Is it fundamentally different from any of the iso-8859-x?

Not at all. It’s just an other encoding, as all the others !

You may, also, ask for adding the MAC Roman encoding, in N++, at the address, below :

https://github.com/notepad-plus-plus/notepad-plus-plus/pulls

However, as you can see, you have to be ( very ) patient :-(( There are plenty of requests, in that place !!

Cheers,

guy038

Ali Abdelzaher

Thanks for sharing such amazing info
مجلة رقيقة

Hamza Hamza

Thanks for sharing
فوائد الليمون

chcg

At least there is an codepage on windows Code Page 10000 Macintosh Roman:
https://msdn.microsoft.com/en-us/library/cc195076.aspx
so adding support should be not to complicated.

Ryan Webber

I’m trying to find a way to convert to macRoman. (needed for embedding subtitles into quicktime videos)
I am trying to use the python scripting option.
using:

import codecs
with codecs.open(r’d:\utf8.txt’, ‘r’, encoding=‘utf-8’) as fin:
file_content = fin.read()
with codecs.open(r’d:\macroman.txt’, ‘w’, encoding=‘macroman’) as fout:
fout.write(file_content)

I end up with macroman.txt encoded as ANSI, and empty.

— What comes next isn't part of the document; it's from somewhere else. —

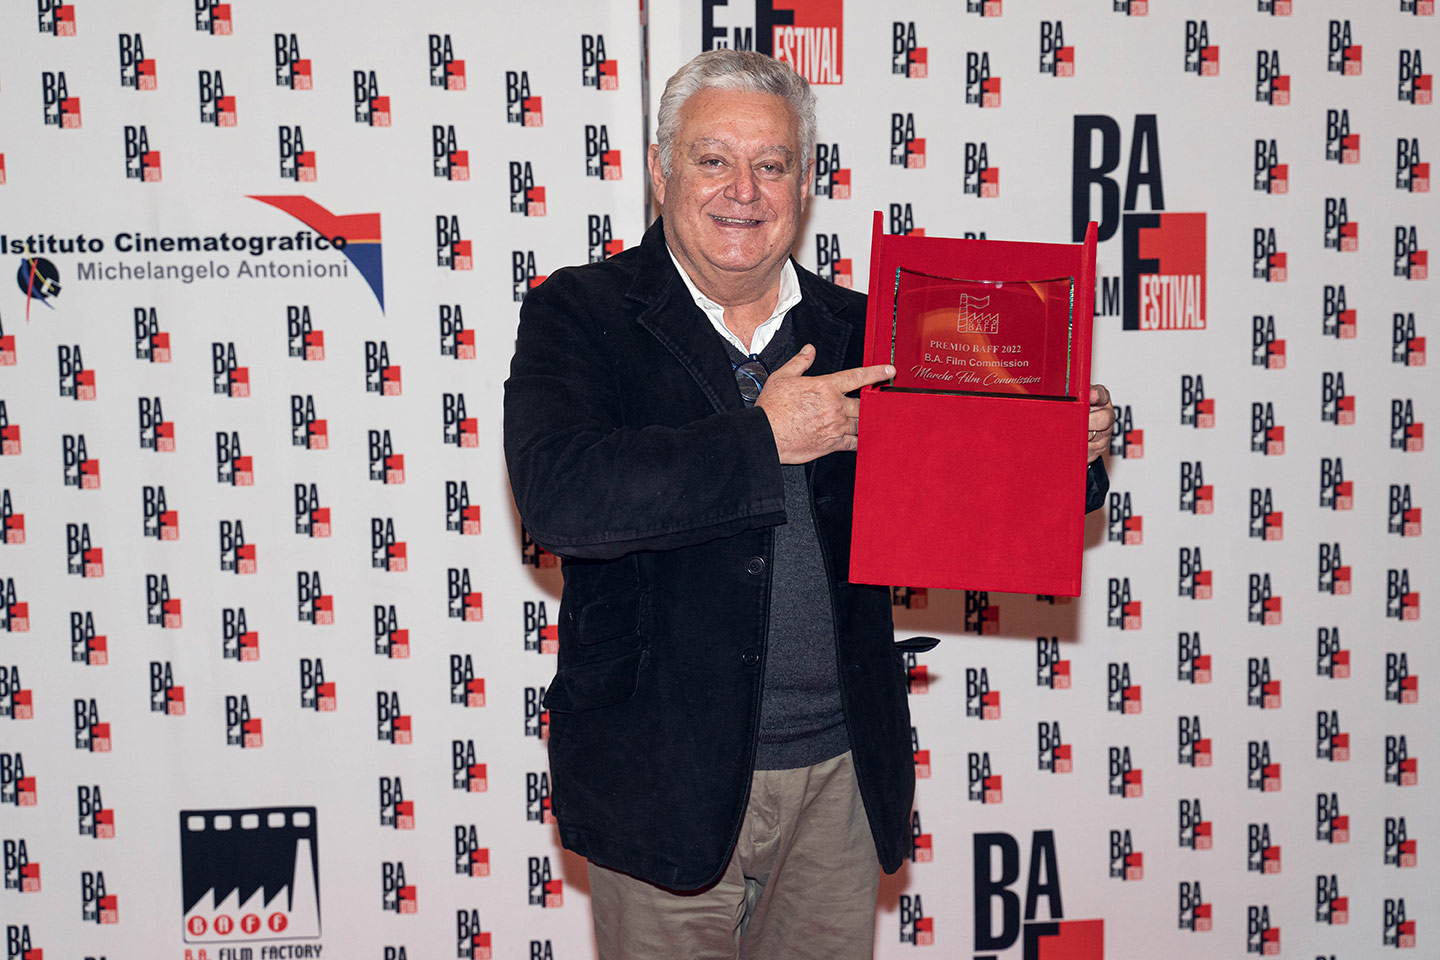 Serata Finale Premio Baff 2022 – B.A. Fim Commission Francesco Gesualdi, Marche Film Commission

Any help here would be much appreciated.

Claudia Frank

@Ryan-Webber

what about printing file_content to the python script console using

console.write(file_content)

Cheers
Claudia

Aziz Abdel

Thanks for sharing such amazing info
sihtk.com
كل ما يهمك سيدتي

J. Jones

I did find an Encoding option for it, but it’s buried where you wouldn’t expect!

Encoding > Character Sets > Cyrillic > Macintosh

Presto, all the Õ symbols become ’ symbols the way they were typed on the Mac!